I know it sounds like a stretch to call a database technology a simple product,
But I think MongoDB fits my description perfectly because of how easy it is to develop with. And I’m going to make that more clear later on in the presentation
Software engineer at Bazaarvoice… [next slide]
What is Bazaarvoice? Our mission at Bazaarvoice is to connect brands and retailers to consumers. What that means in non-marketing speak is that most of the user-generated content on brand and retailer sites is flowing through our network. By user-generated content, I mean ratings & reviews or Q&A or social content.
Here’s a random collection of logos that Marketing said I could show, but to give you a better idea our prevalence, if you’re shopping online anywhere other than Amazon and reading a review, it’s probably powered by us.
To give you an idea of the scale we deal with, here are some stats from last year's Black Friday and Cyber Monday
On Black Friday we had 530 million total page views on our network which is over 6000/second
On Cyber Monday we had 470 million total page views which is just under 5500/second
For a total of a billion page views from just those 2 days.
What does a pageview imply? Each one implies multiple API calls fanning out to dozens of services.
My team, Curations, built and supports some of those services.
What is Curations? In short, the Curations platform allows a brand or retailer to display relevant social content in the path of purchase on their e-commerce site.
Let me walk you through the flow
[CLICK] Someone posts a cute picture of their child wearing Gymboree rain boots on their Instagram
Using Curations, Gymboree is watching for content that mentions certain hashtags about their brand
The Curations Social collection service picks up that post
[CLICK] And shows it to Gymboree in the Curations application.
Once in Curations, the post can be enriched in various automatic and manual ways. Enrichment means things like moderation approval and product identification. It can be done manually by the client, or by a set of automatic rules that define their needs. An example of an automatic rule would be to reject all content that includes profanity.
[CLICK] Once the content is moderation approved, the Curations platform reaches out on behalf of Gymboree to request permission from the author of the post to use their cute picture on Gymboree’s ecommerce site.
You probably can’t make out, but here you’d see a comment from Gymboree followed by approval from the user.
[CLICK] Finally, now that we have the author’s permission, the post is shown in a Curations powered display on Gymboree’s site.
Are there any questions? Ok good. So basically we collect the data, we enrich it, and we display it.
How does this work?
All of our infrastructure is in AWS.
[CLICK] In our legacy platform, every client (in previous example, Gymboree), had their own cluster which consisted of a MySQL RDS instance, one or more EC2 instances running a Python/Django stack, and a load balancer.
So for roughly 400 Curations clients, we needed 400 clusters [CLICK].
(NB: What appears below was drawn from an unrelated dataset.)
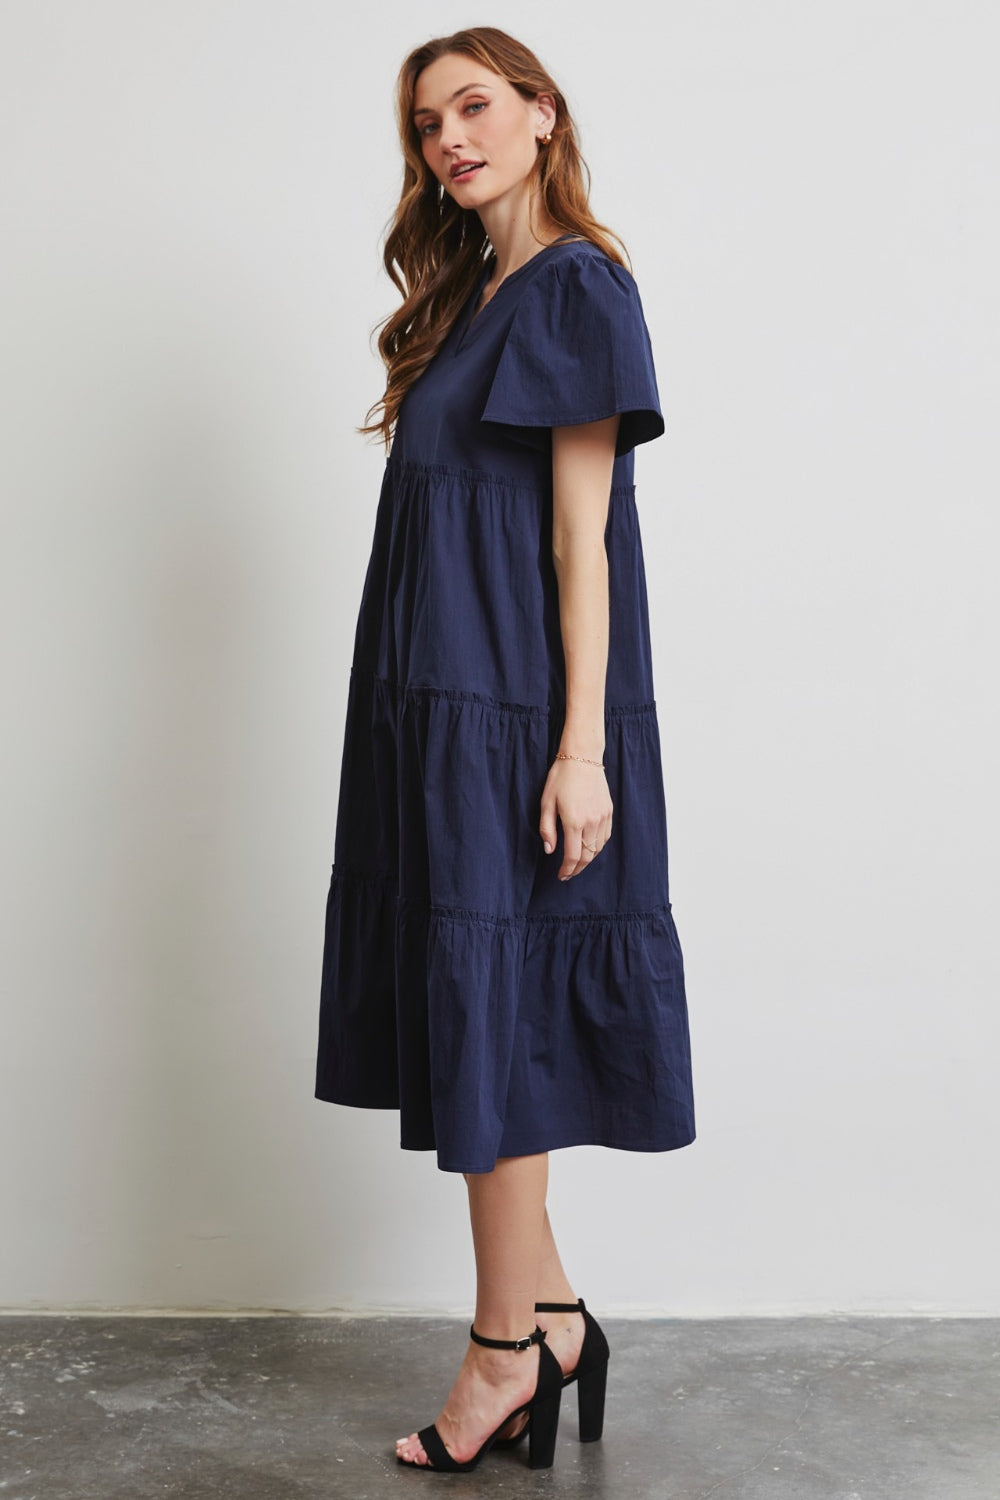 Women's Full Size Cotton Poplin Ruffled Tiered Midi Dress | Midi Dresses | Ro + Ivy

[CLICK] Outside of these clusters, we had a couple multi-tenant services. A social outreach service responsible for requesting author permissions. And a display service responsible for returning enriched content to all of our client’s sites. To meet display level scales, which we talked about before, we would ETL our enriched content to a Bazaarvoice-wide Cassandra ring before indexing it into an Elasticsearch cluster for efficient querying.
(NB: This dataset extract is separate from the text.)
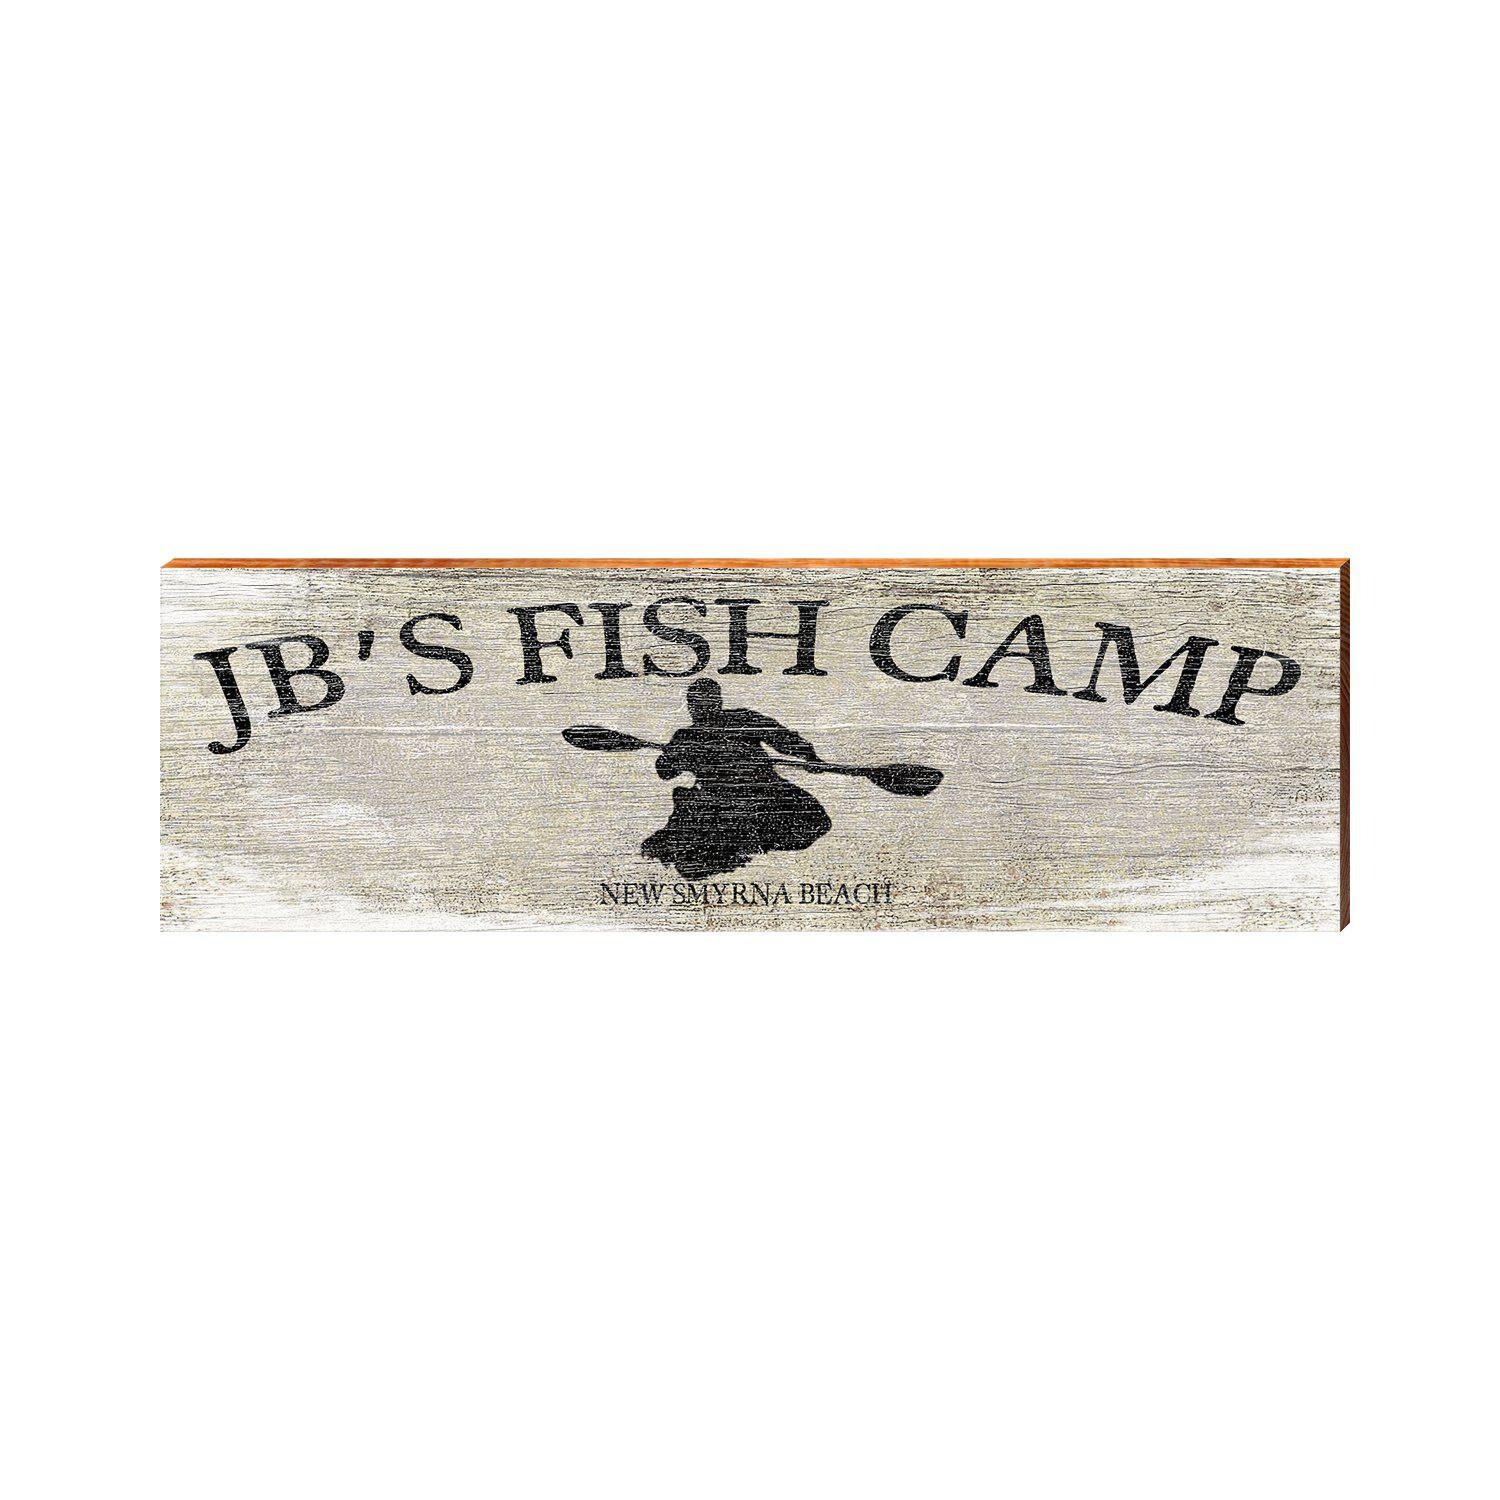 Jb S Fish Camp Row New Smyrna Beach Jbs2 Etsy

Clearly this is a challenging stack to manage. Just look at how many different types of datastores we’re dealing with, we have MySQL, we have Cassandra, we have ElasticSearch. And it’s not cheap either. [CLICK] This came out to $60k/mo. And each additional client would add a few hundred dollars per month. And this doesn’t even include the cost of all the beer we had to drink to be able put up with this nightmare.
So! Why a nightmare?
[CLICK] Well, for one, there’s not much satisfaction in maintaining a platform that’s so obviously ineffective in terms of cost.
When your every solution to scale is “throw more hardware slash money at it” it’s hard to feel innovative; especially when you know better solutions exist.
I already mentioned the cost of adding a single client EC2/RDS cluster and that only becomes more expensive as this data gets ETL’d and re-indexed in elasticsearch and so on.
[CLICK] Then there’s the issue of maintainability.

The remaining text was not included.